- _Aim of the task_
In your copy of the data below, reproduce every entry exactly and omit the pictures.

Source records:
* * * *

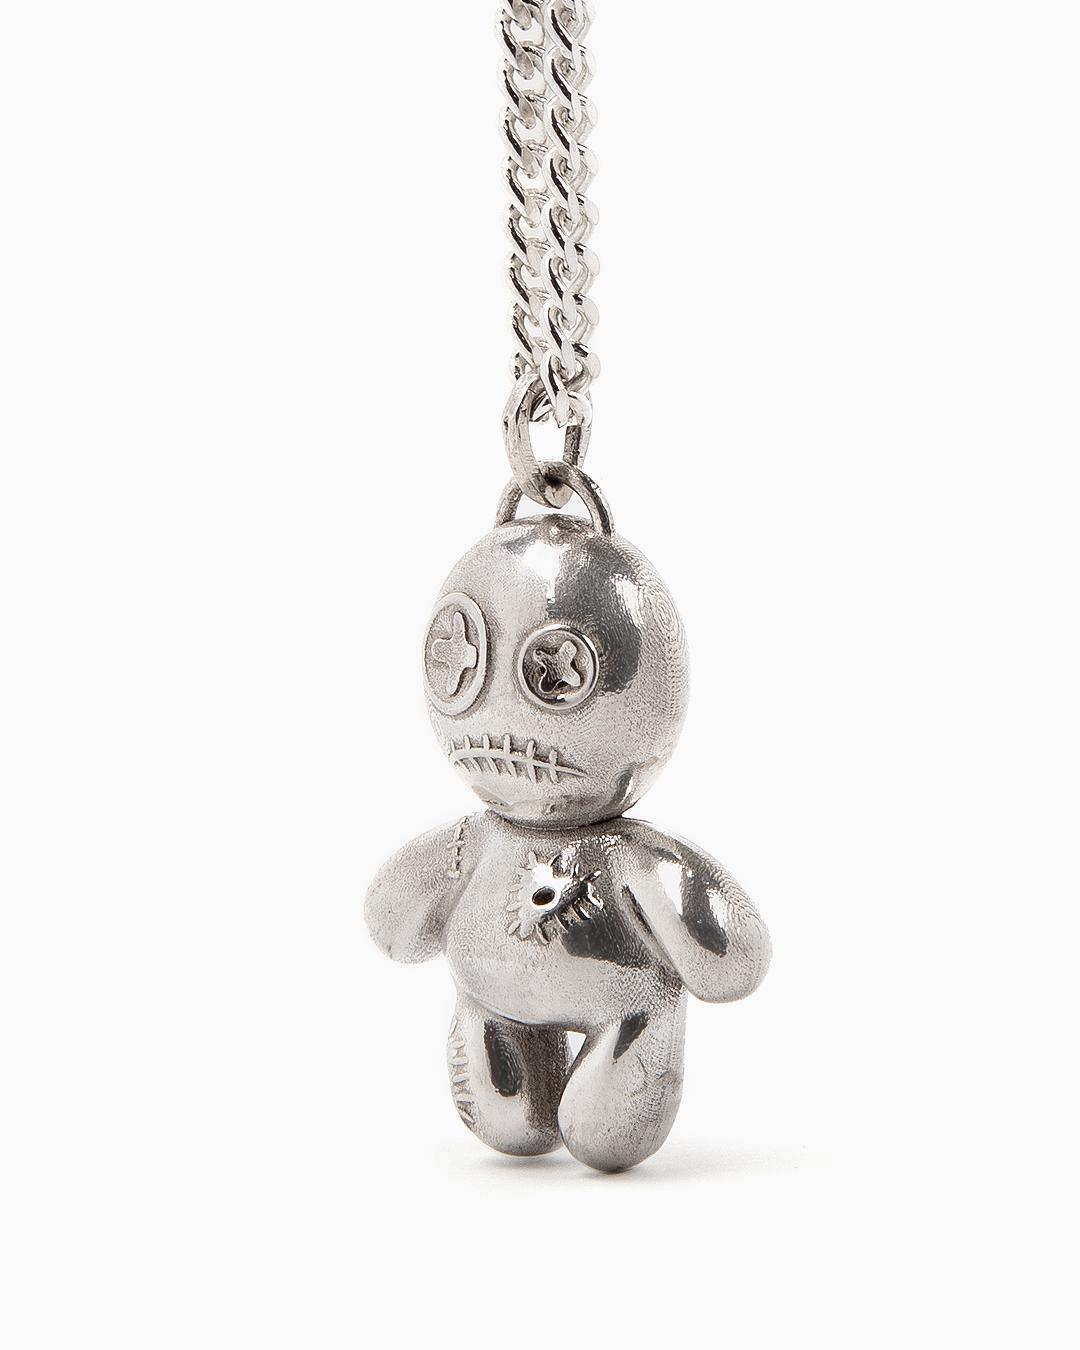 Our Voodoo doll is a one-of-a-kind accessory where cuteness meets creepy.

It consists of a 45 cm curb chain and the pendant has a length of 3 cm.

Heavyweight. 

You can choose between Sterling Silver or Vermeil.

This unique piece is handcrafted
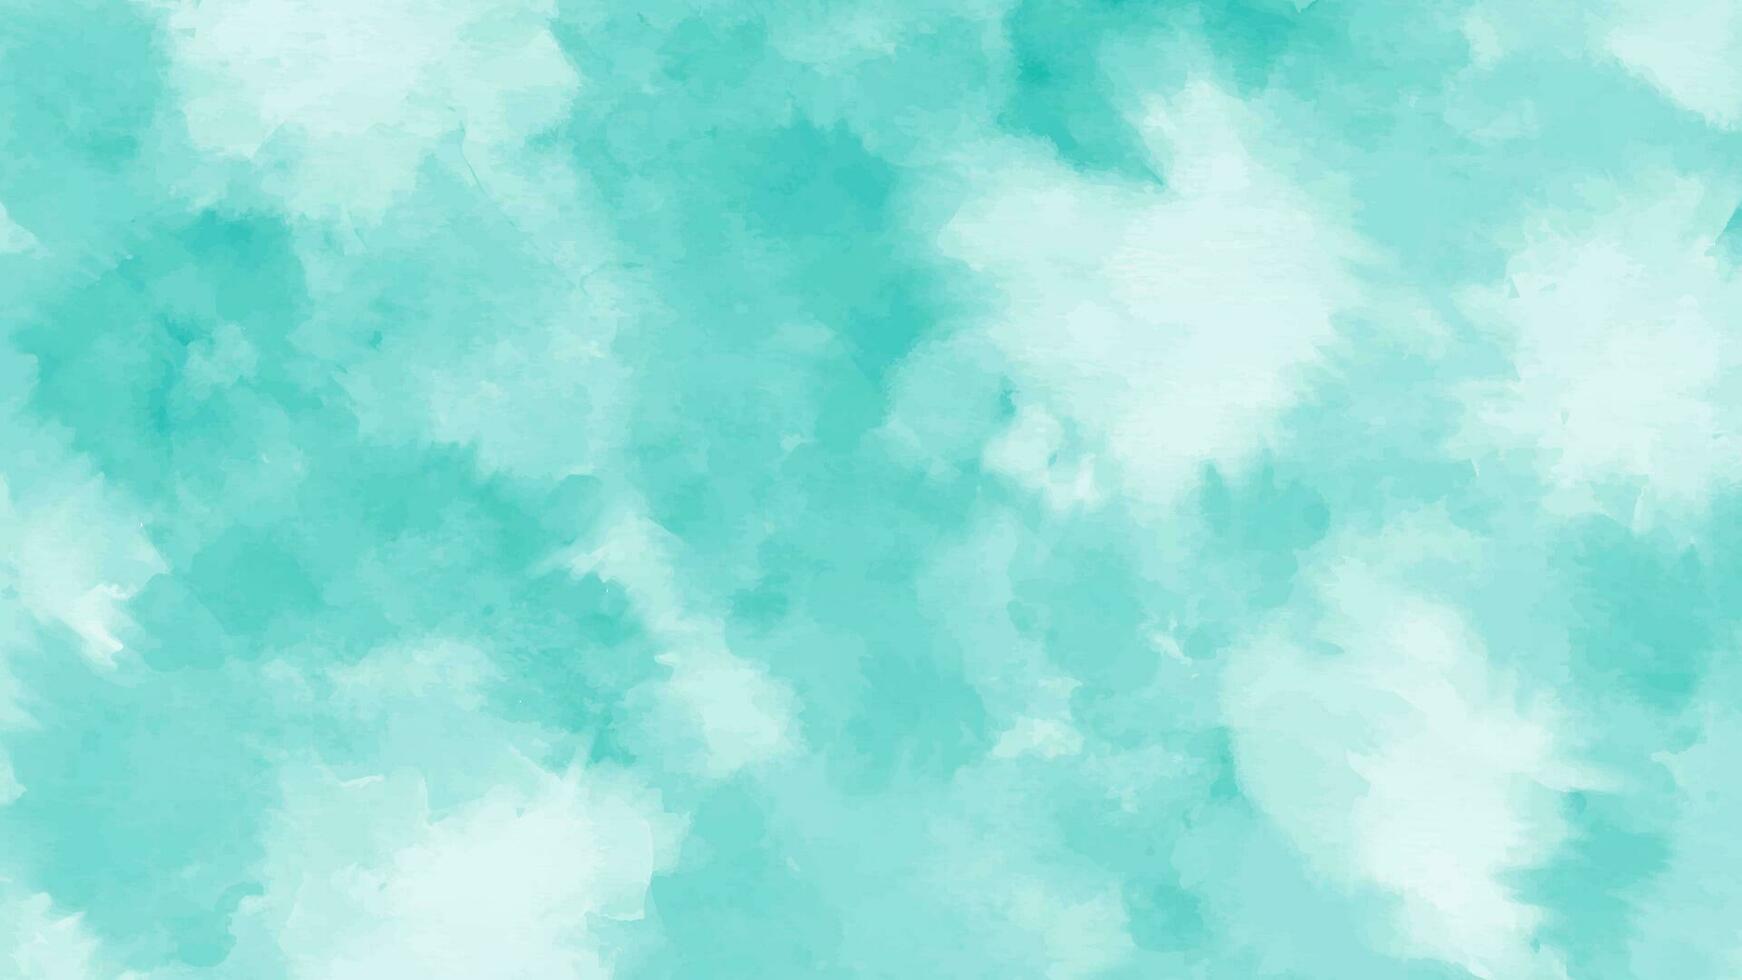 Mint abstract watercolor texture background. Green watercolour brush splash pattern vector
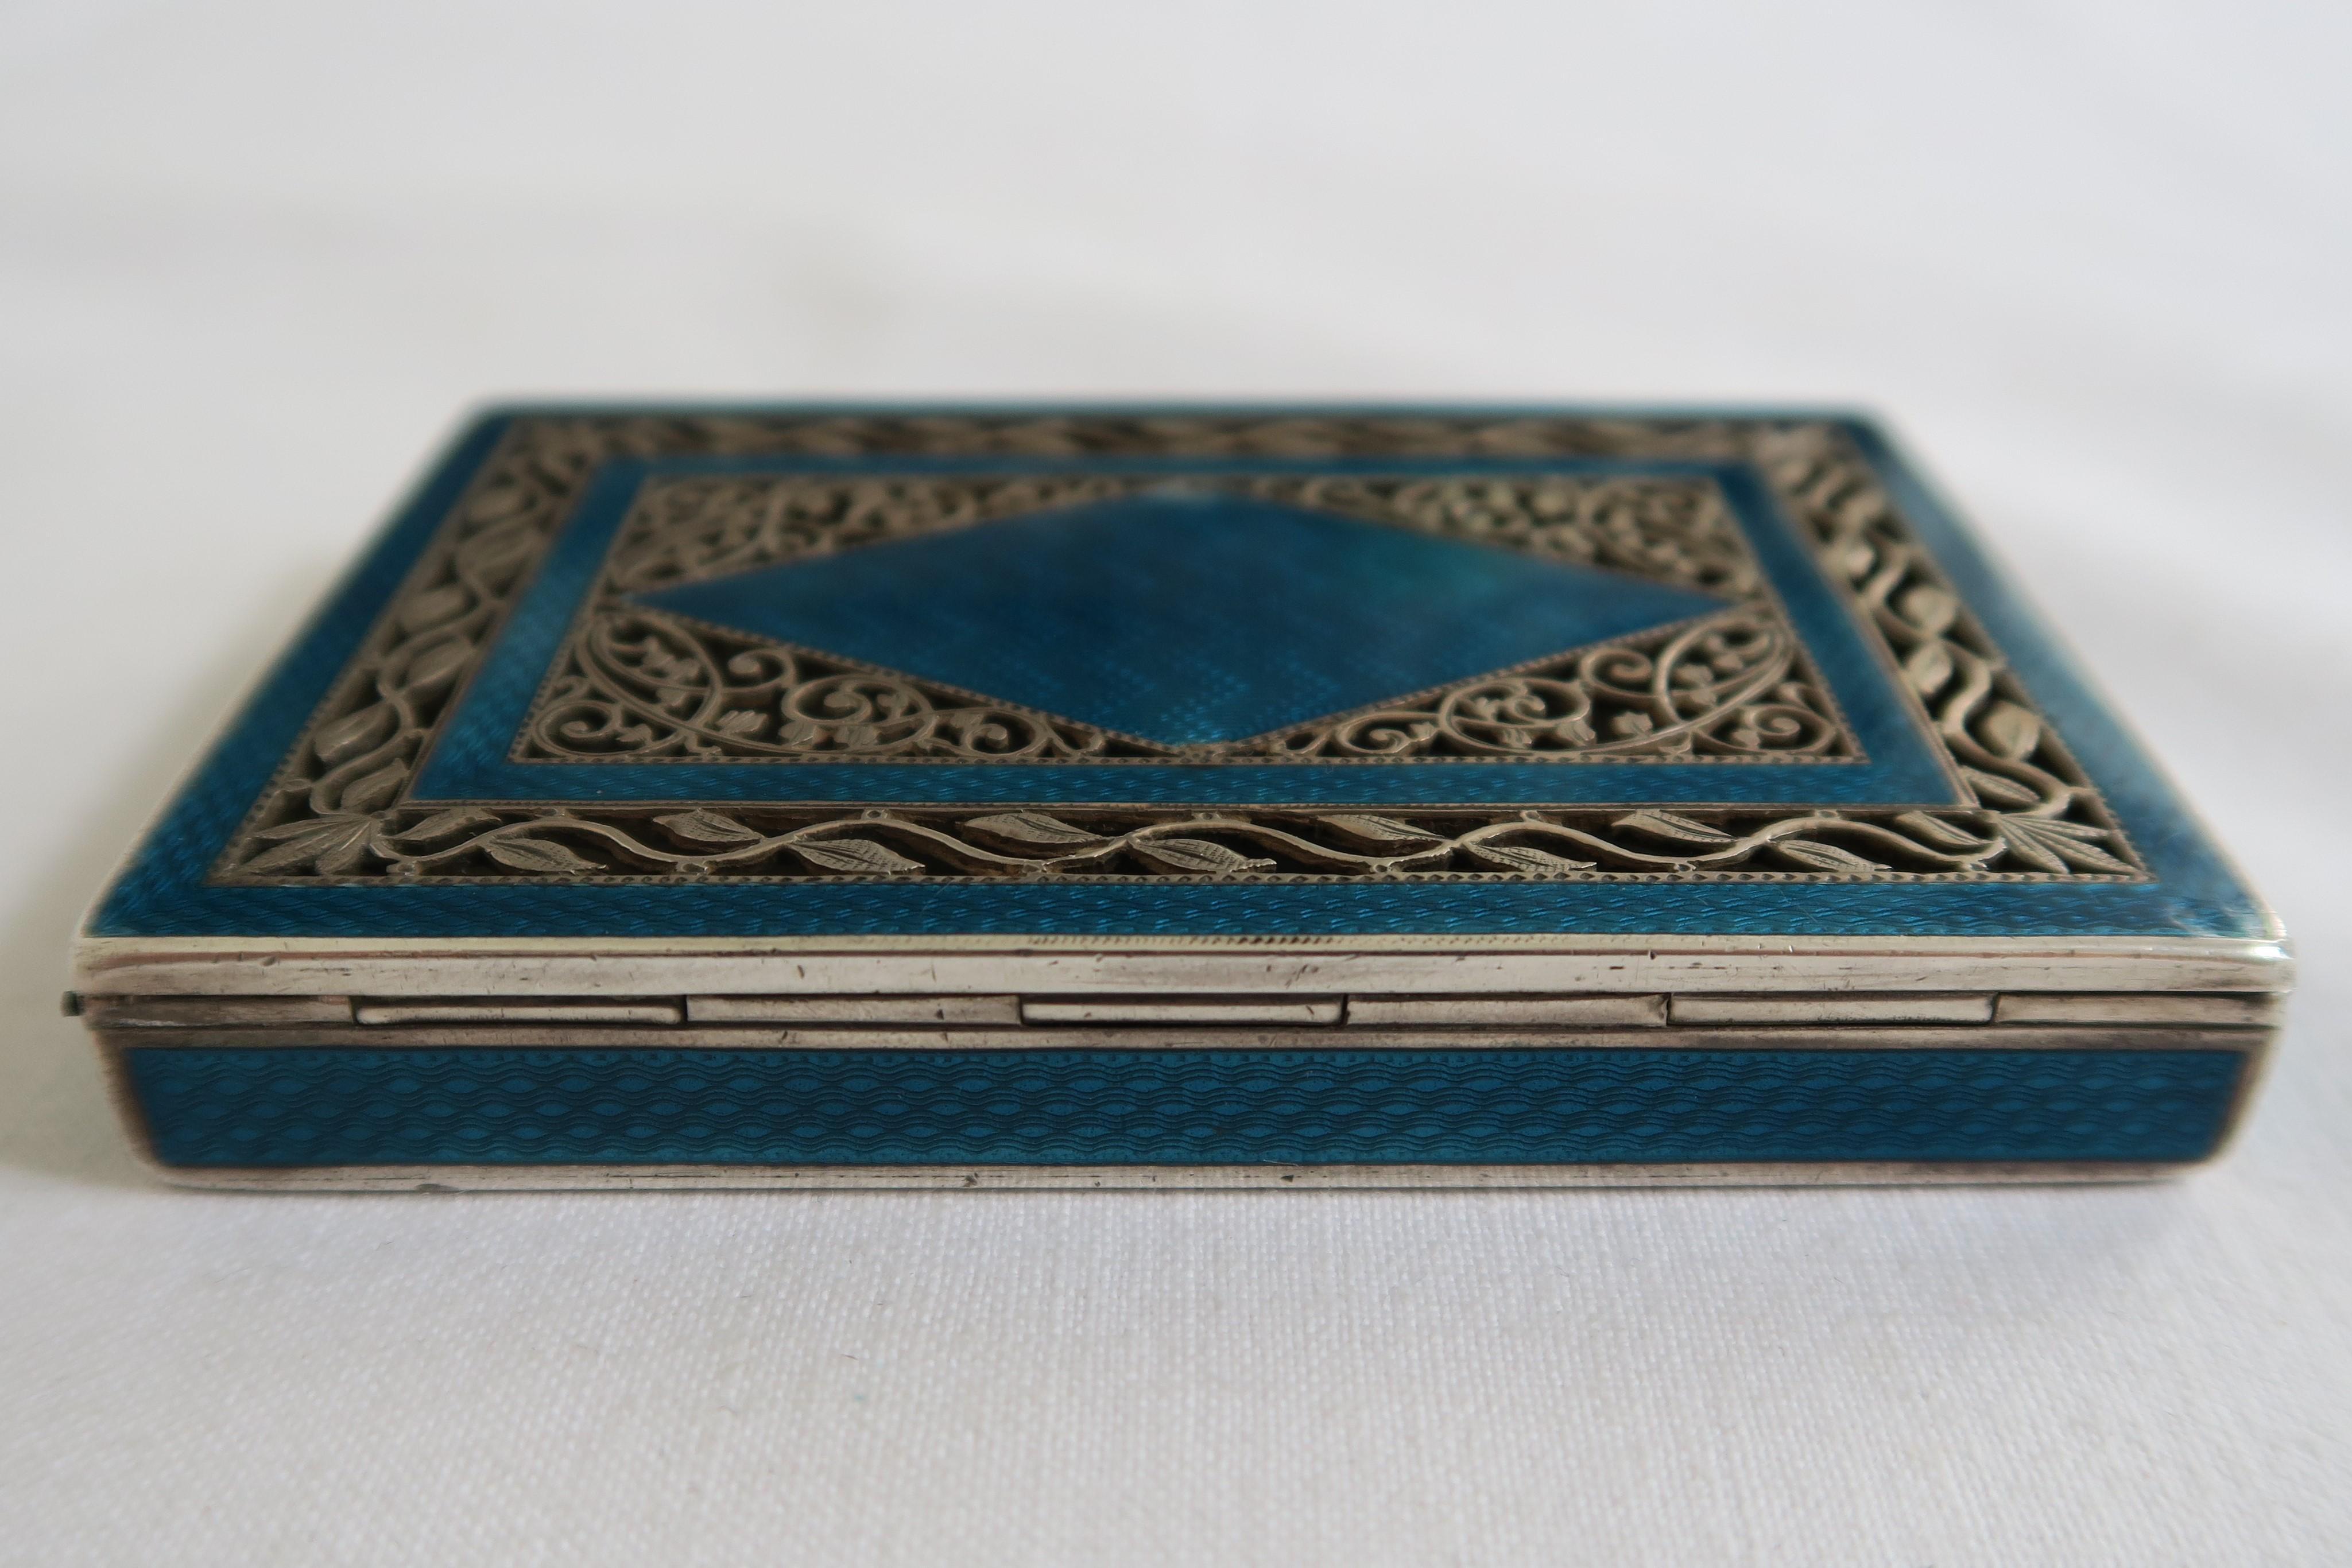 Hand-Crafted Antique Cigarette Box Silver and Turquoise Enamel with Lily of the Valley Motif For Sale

* * * *

- _Task solution_
 Our Voodoo doll is a one-of-a-kind accessory where cuteness meets creepy.

It consists of a 45 cm curb chain and the pendant has a length of 3 cm.

Heavyweight. 

You can choose between Sterling Silver or Vermeil.

This unique piece is handcrafted
 Mint abstract watercolor texture background. Green watercolour brush splash pattern vector
 Hand-Crafted Antique Cigarette Box Silver and Turquoise Enamel with Lily of the Valley Motif For Sale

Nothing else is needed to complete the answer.